START RECORDS SUPPLIED

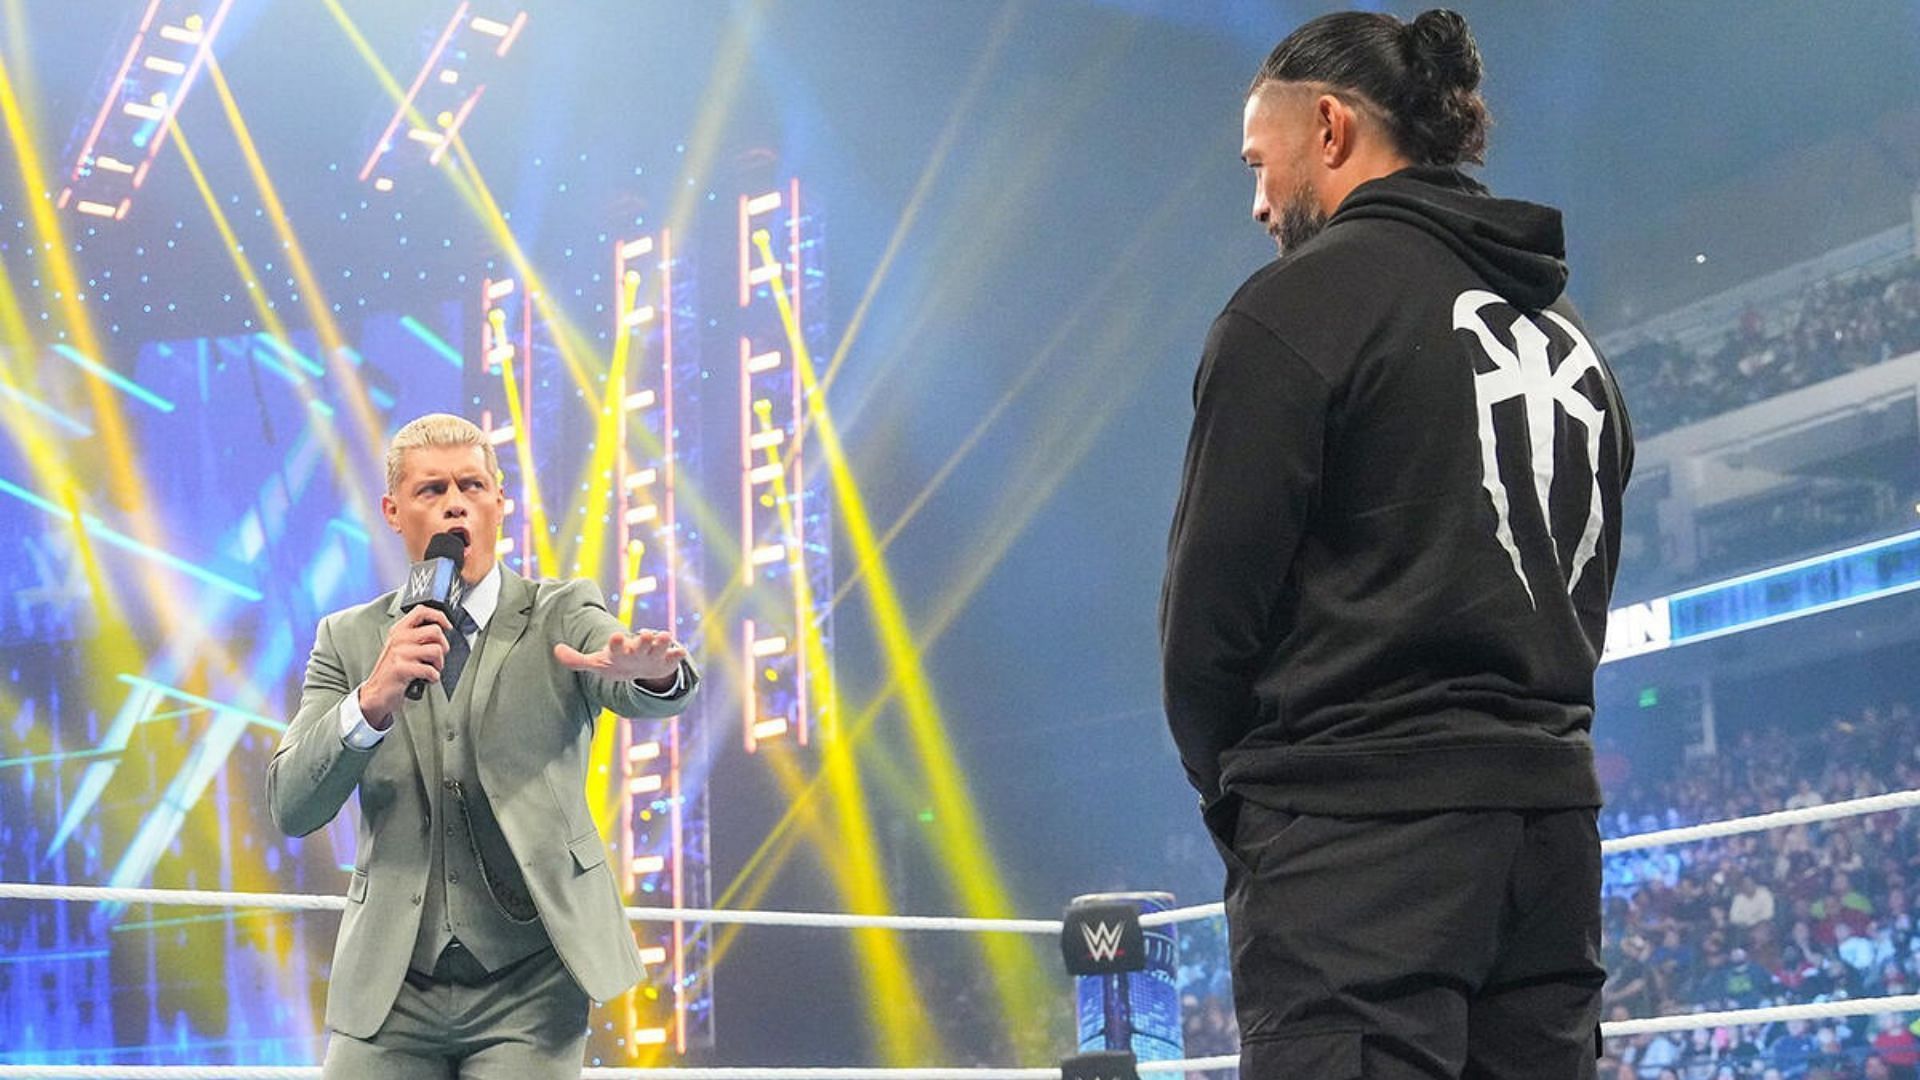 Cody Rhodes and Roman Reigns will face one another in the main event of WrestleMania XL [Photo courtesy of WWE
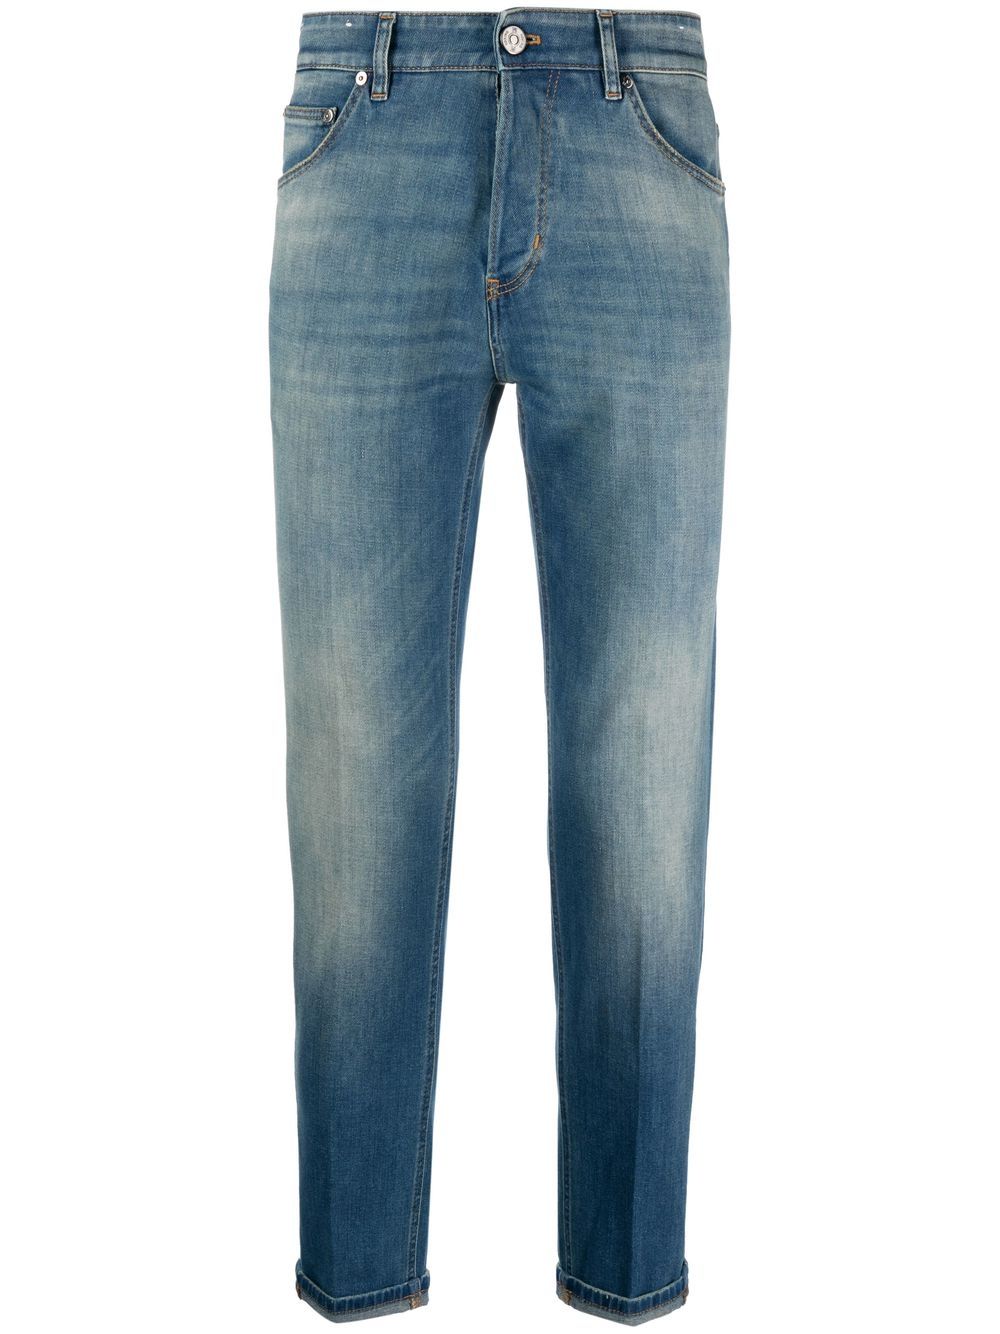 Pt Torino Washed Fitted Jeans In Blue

END RECORDS SUPPLIED
START RECORDS SUPPLIED

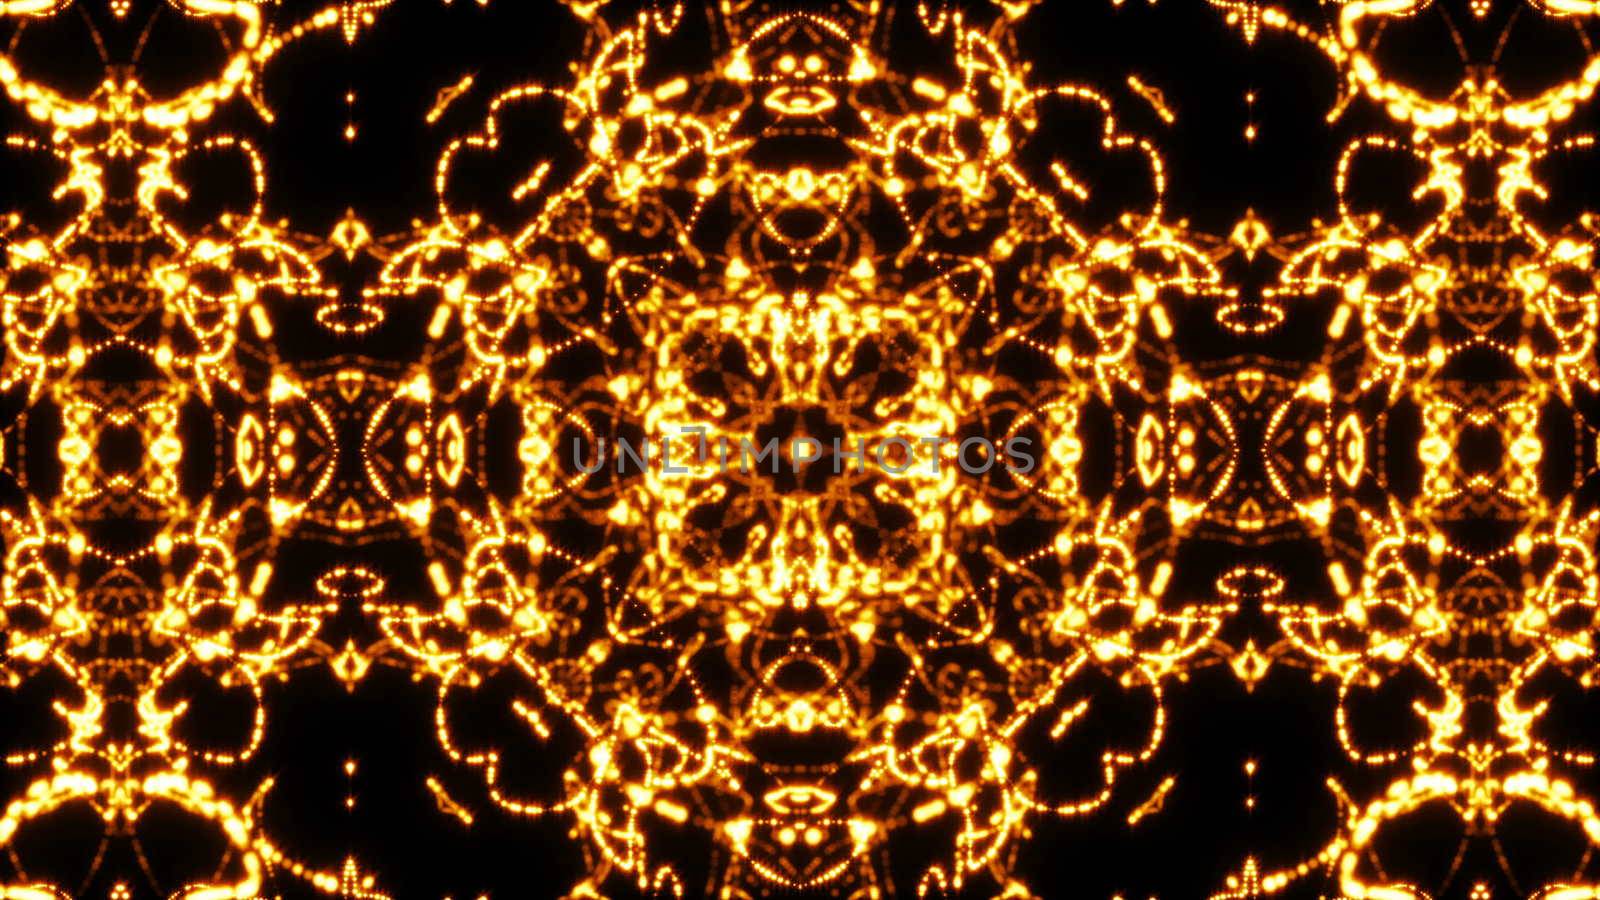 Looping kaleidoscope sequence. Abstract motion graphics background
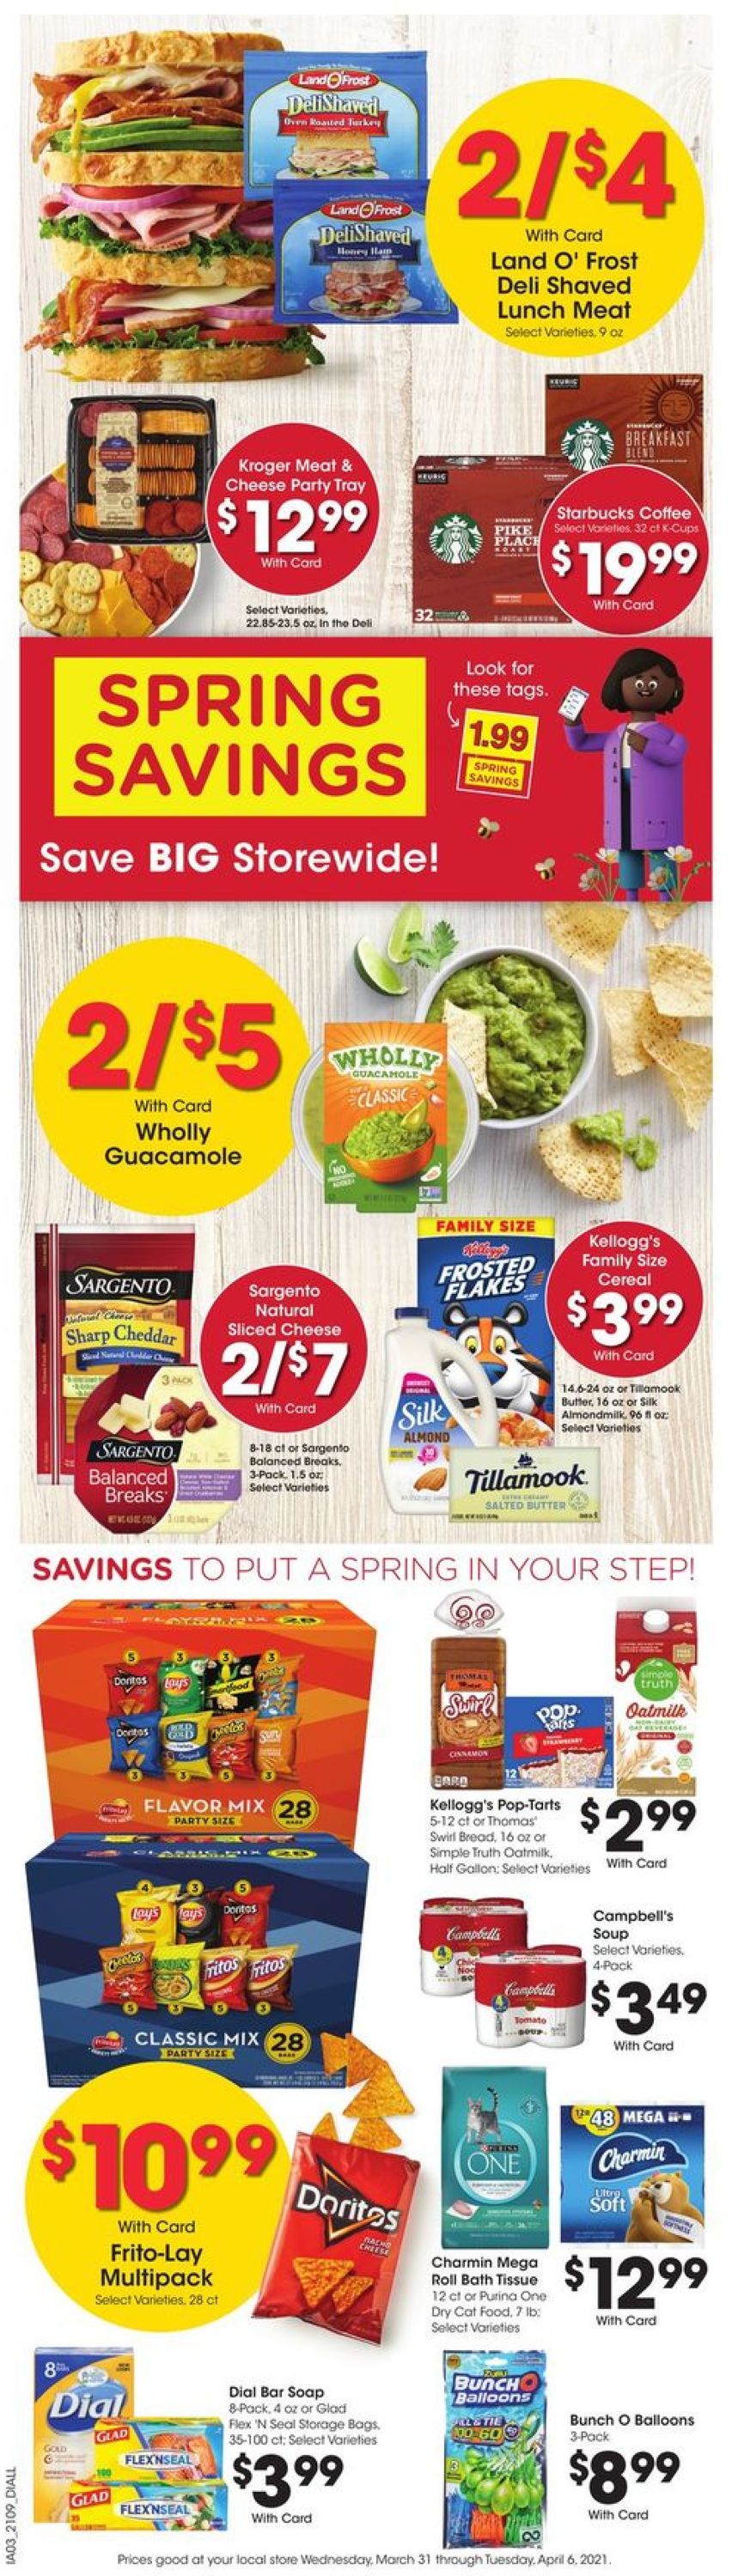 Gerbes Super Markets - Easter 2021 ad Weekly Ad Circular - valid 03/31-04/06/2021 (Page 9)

END RECORDS SUPPLIED
START RECORDS SUPPLIED

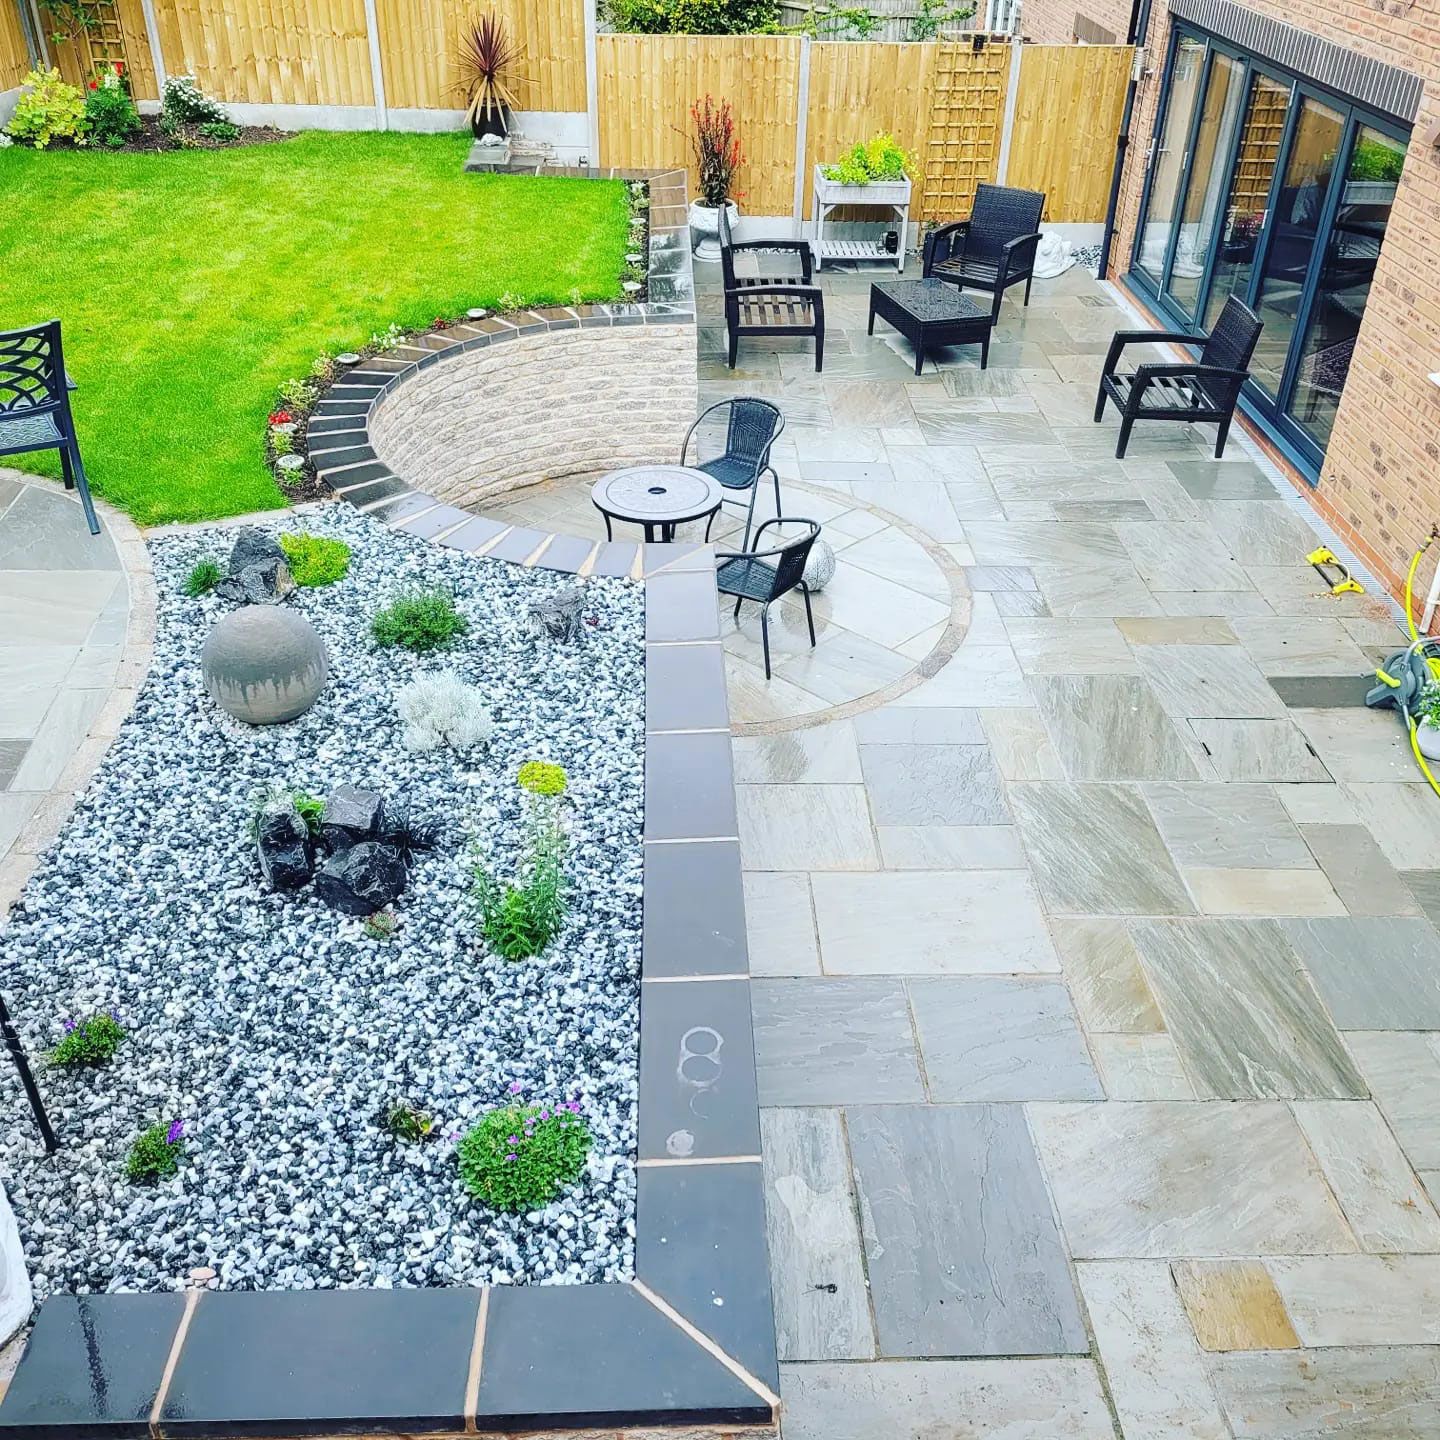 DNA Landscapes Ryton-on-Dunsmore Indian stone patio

END RECORDS SUPPLIED

**TRY IT**.
Look above for the line with "Looping kaleidoscope sequence." and the line with "Gerbes Super Markets", then copy them and all lines in between exactly as written, and only those, without any pictures.

**ANSWER**.
 Looping kaleidoscope sequence. Abstract motion graphics background
 Gerbes Super Markets - Easter 2021 ad Weekly Ad Circular - valid 03/31-04/06/2021 (Page 9)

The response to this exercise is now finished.